Task requirements:
Your answer should be the lines from the one with "Accord Lighting - 1429.45" to the end of the data below, both included, exact and free of pictures.

Stored data:
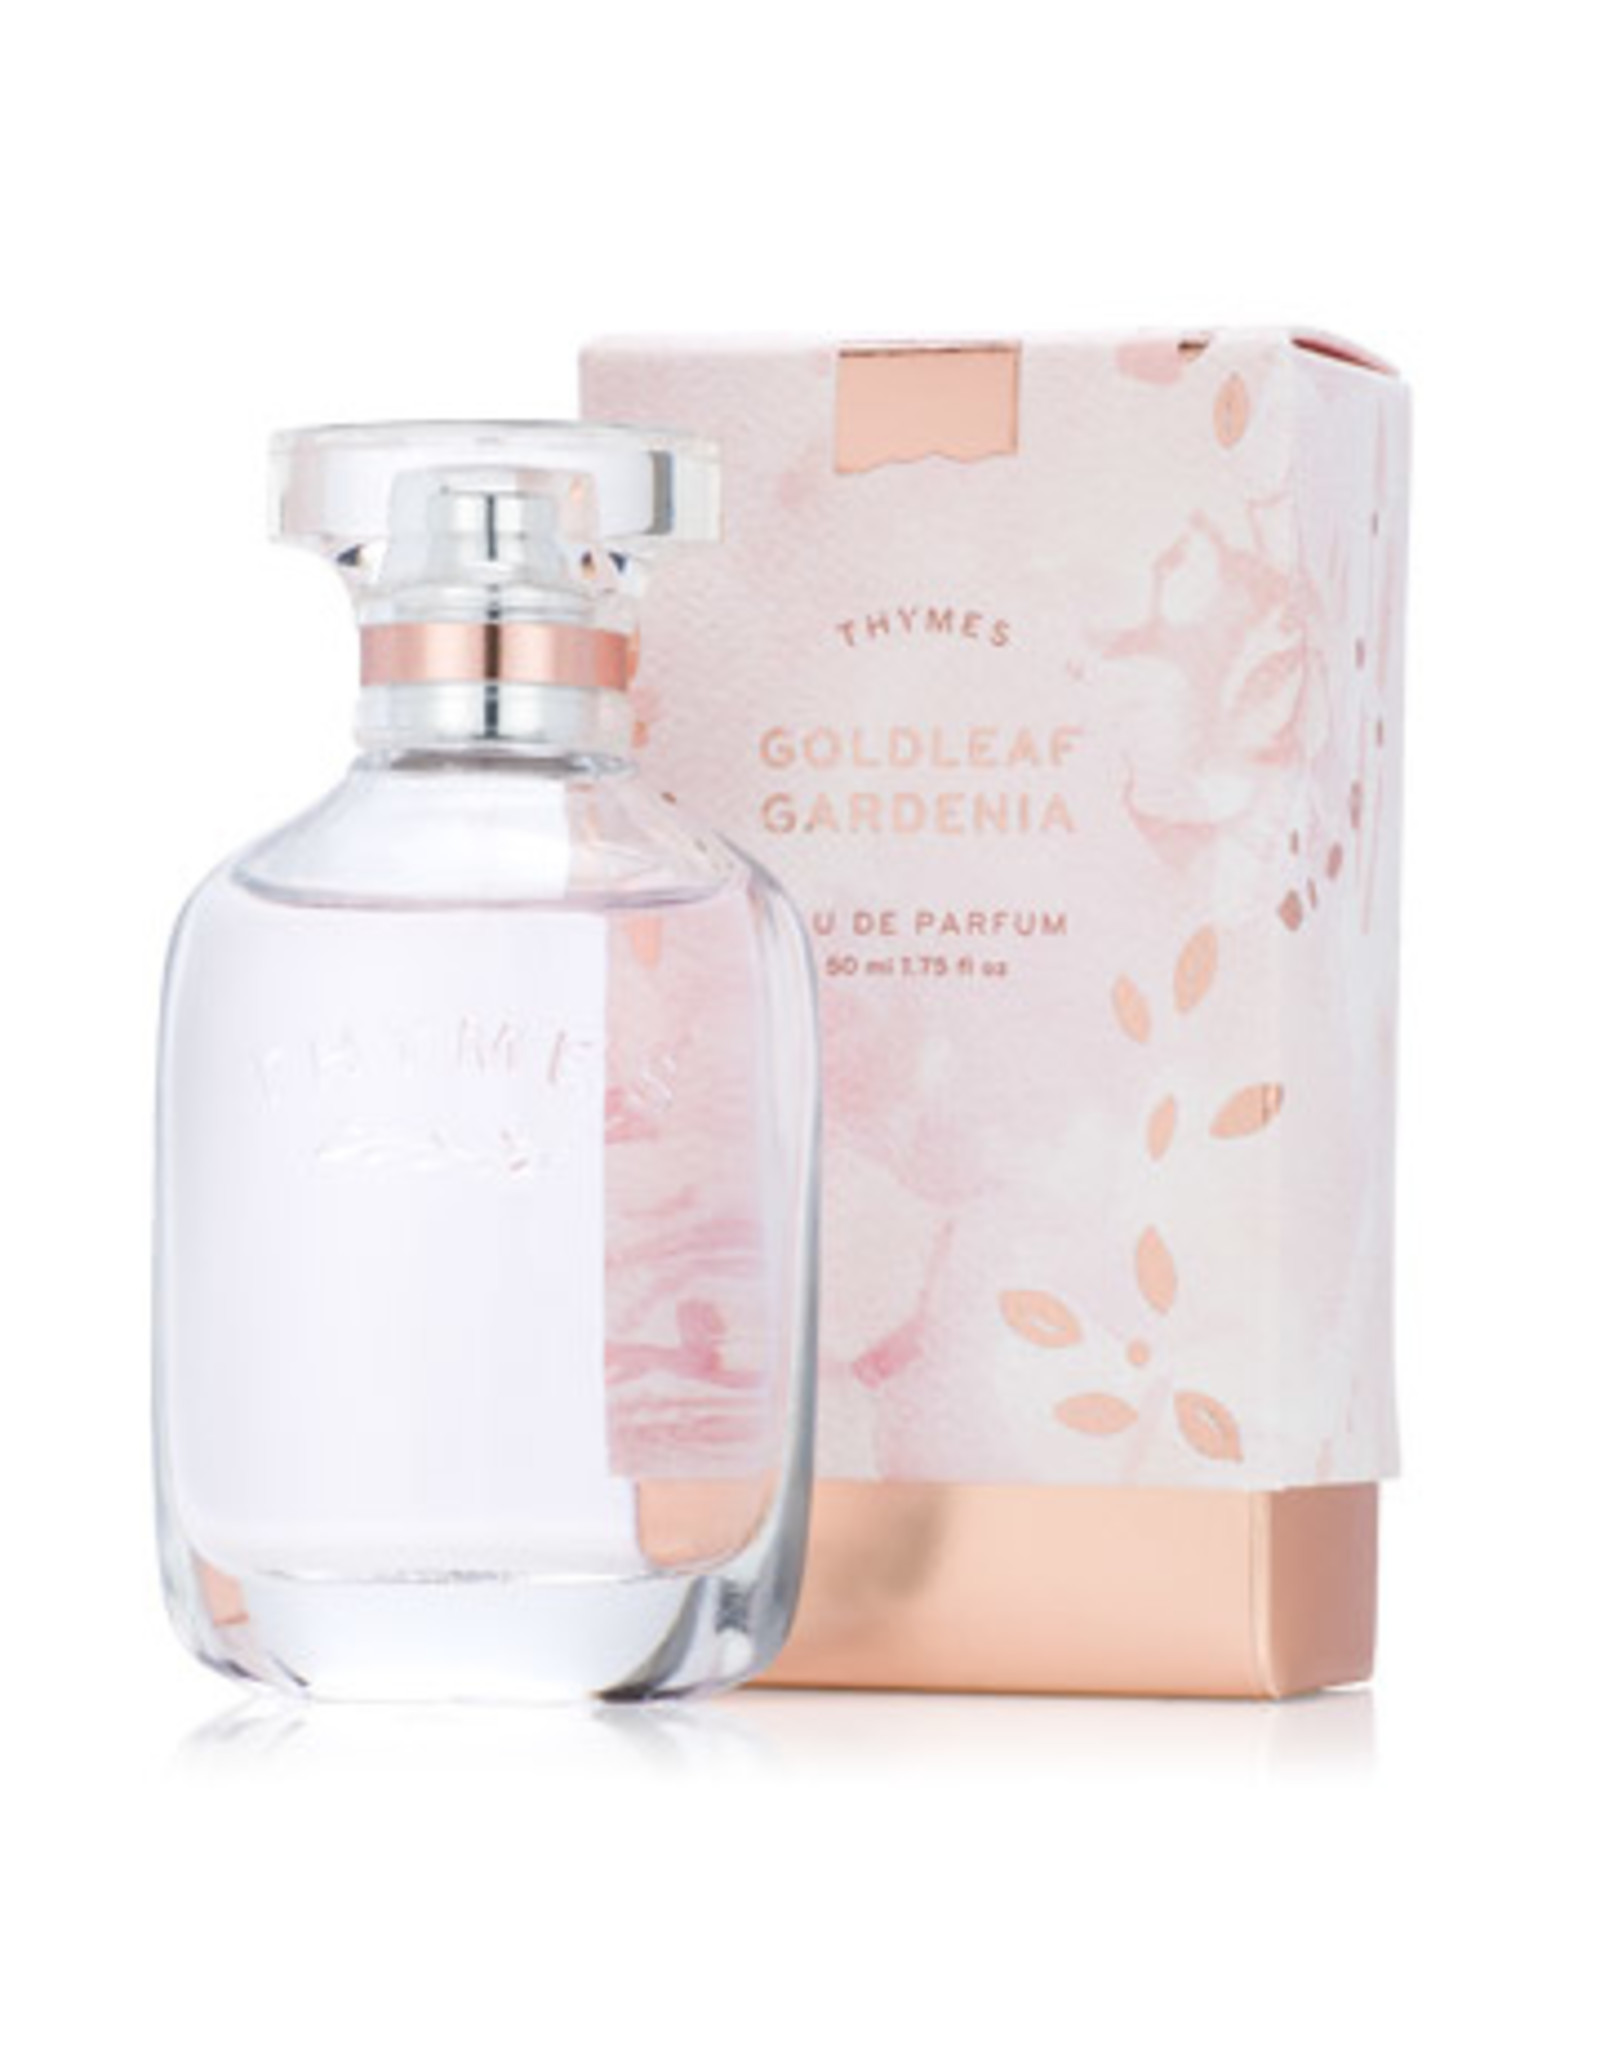 Thymes Goldleaf Gardenia Eau de Parfum 1.75 oz
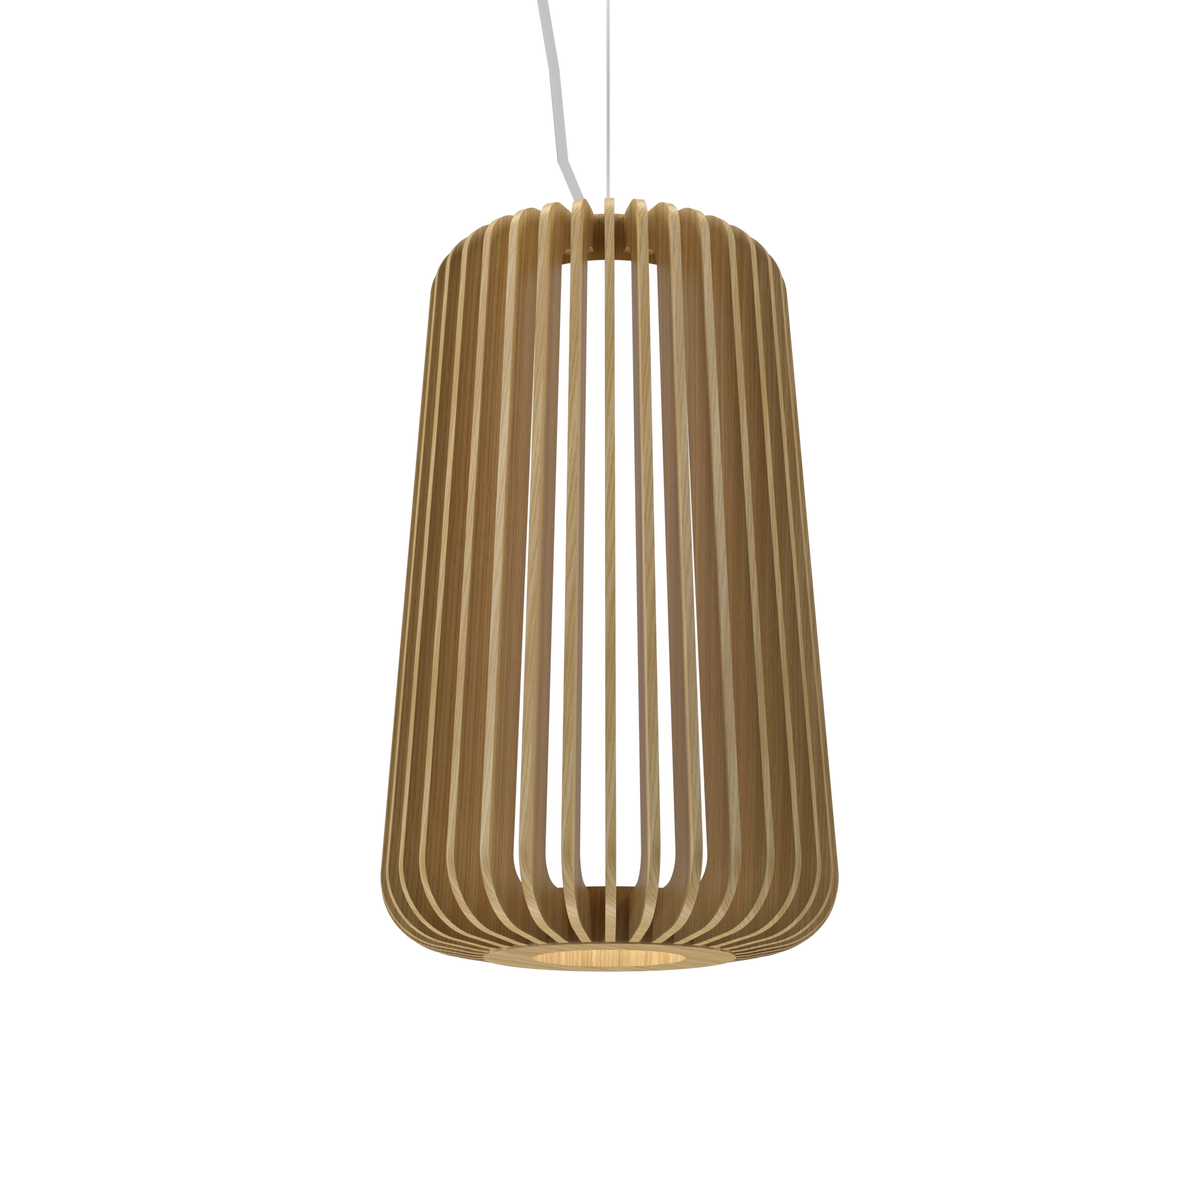 Accord Lighting - 1429.45 - One Light Pendant - Stecche Di Legno - Sand
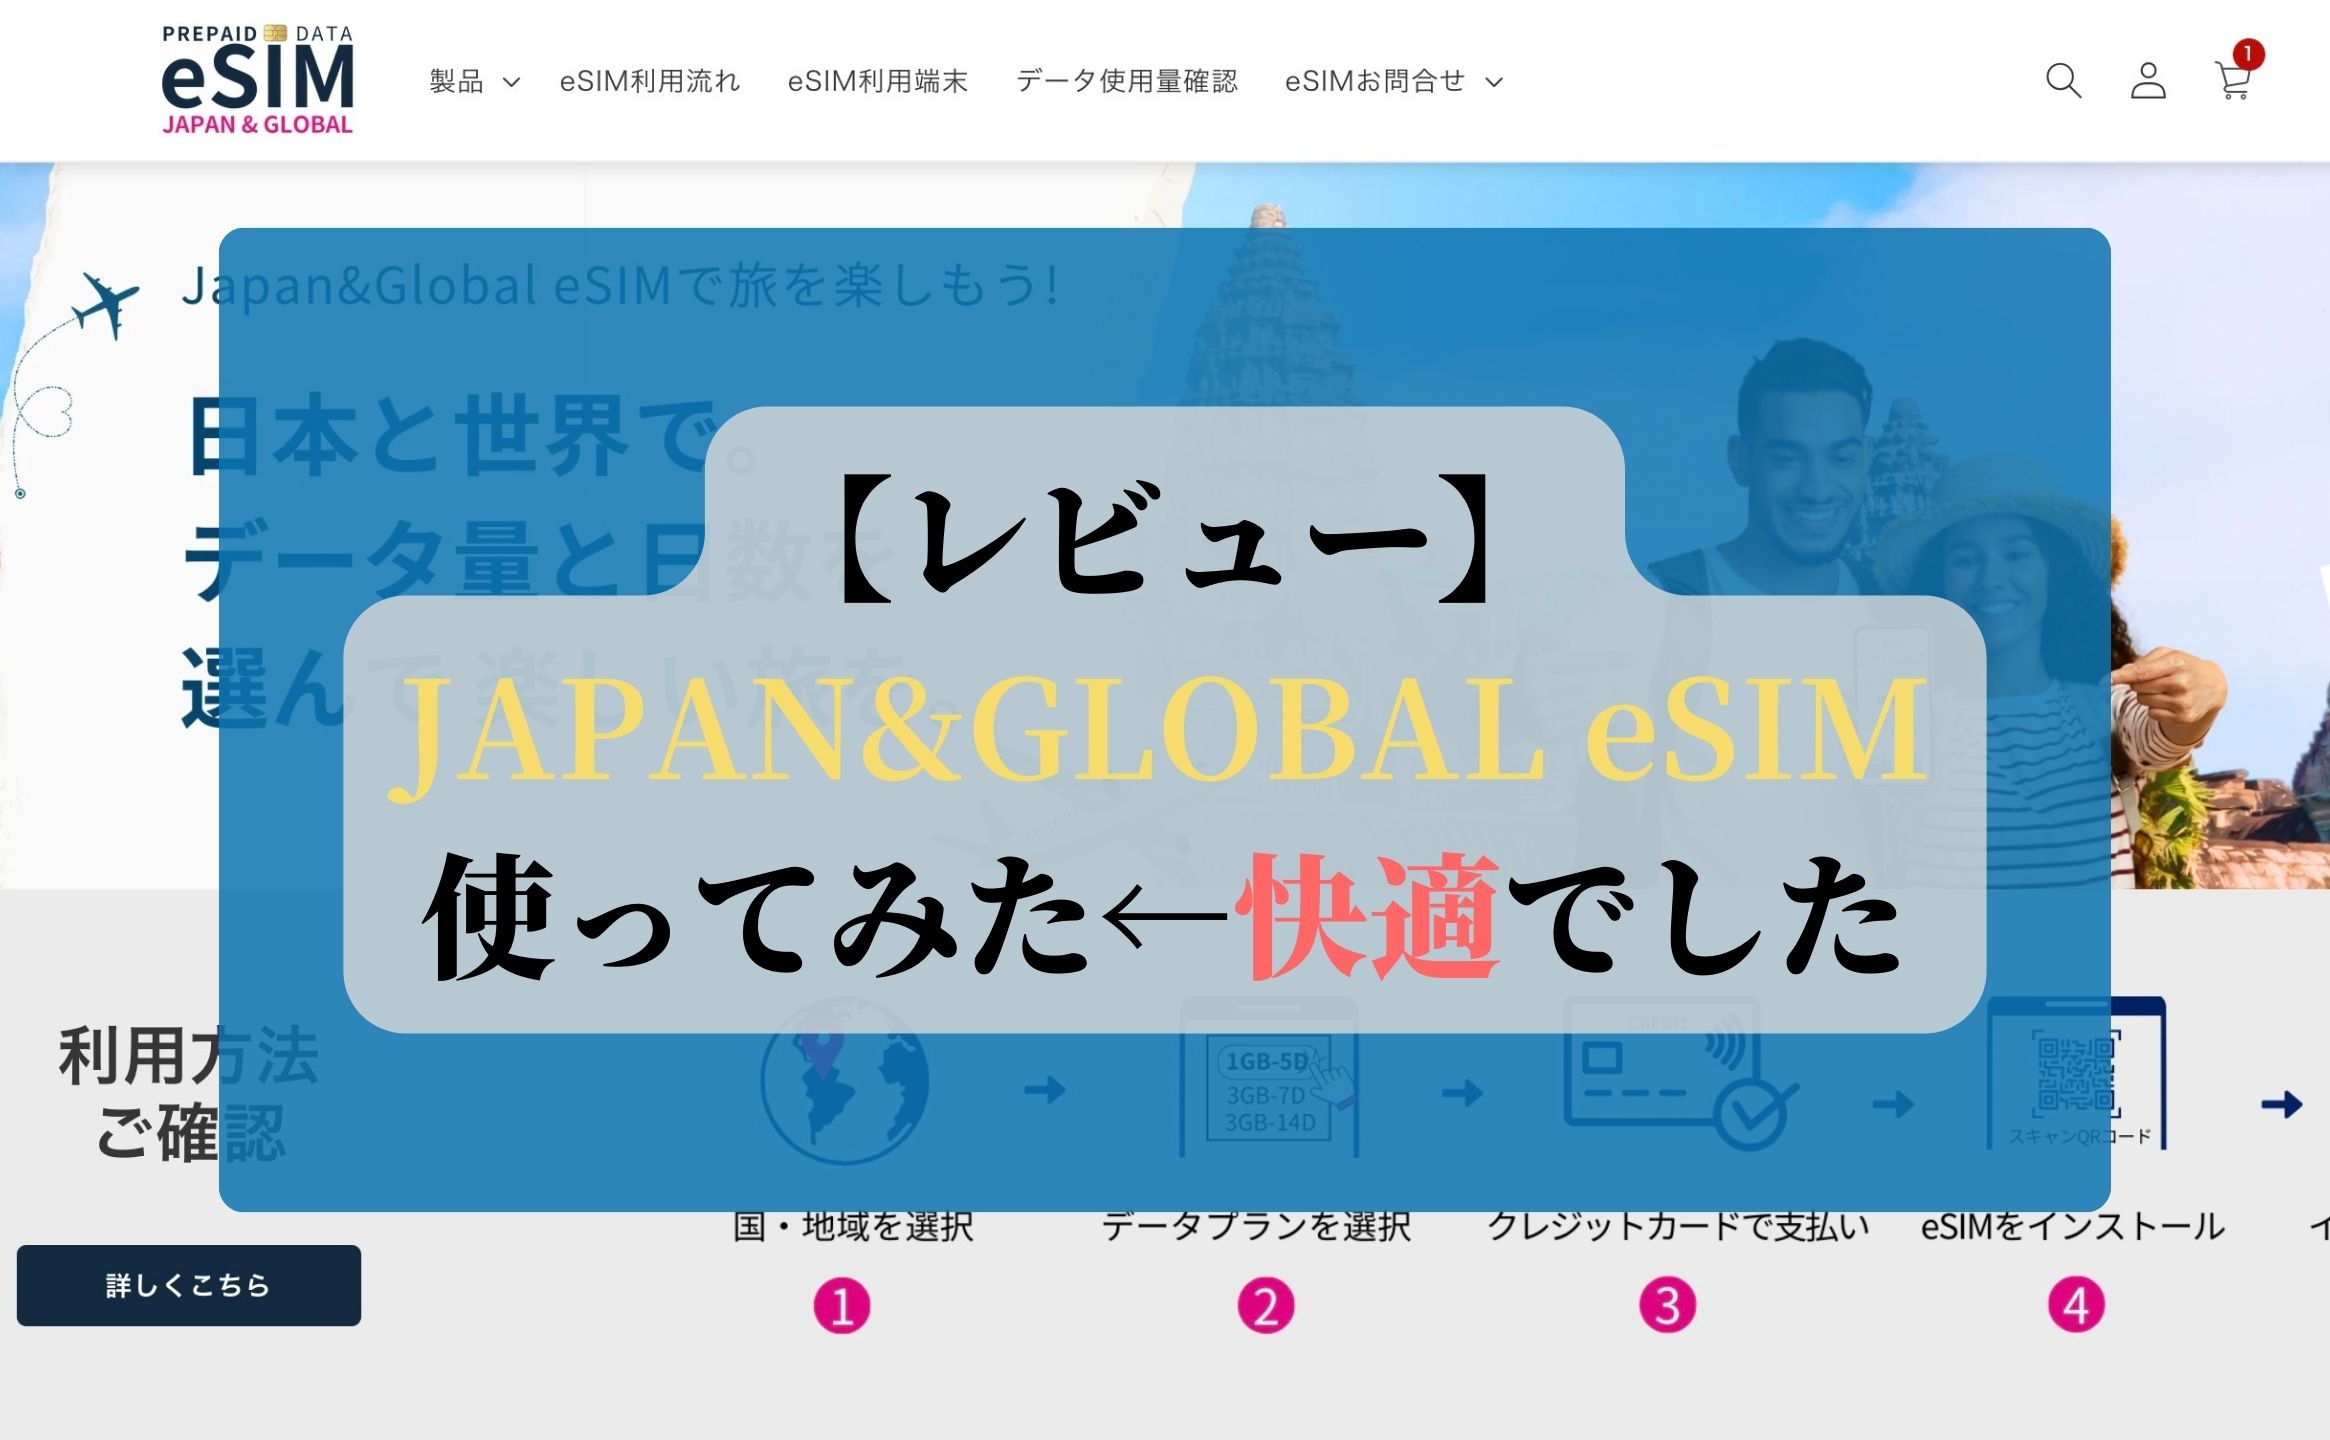 【レビュー】JAPAN&GLOBAL eSIM使ってみた←快適でした

Answer area:
 Accord Lighting - 1429.45 - One Light Pendant - Stecche Di Legno - Sand
 【レビュー】JAPAN&GLOBAL eSIM使ってみた←快適でした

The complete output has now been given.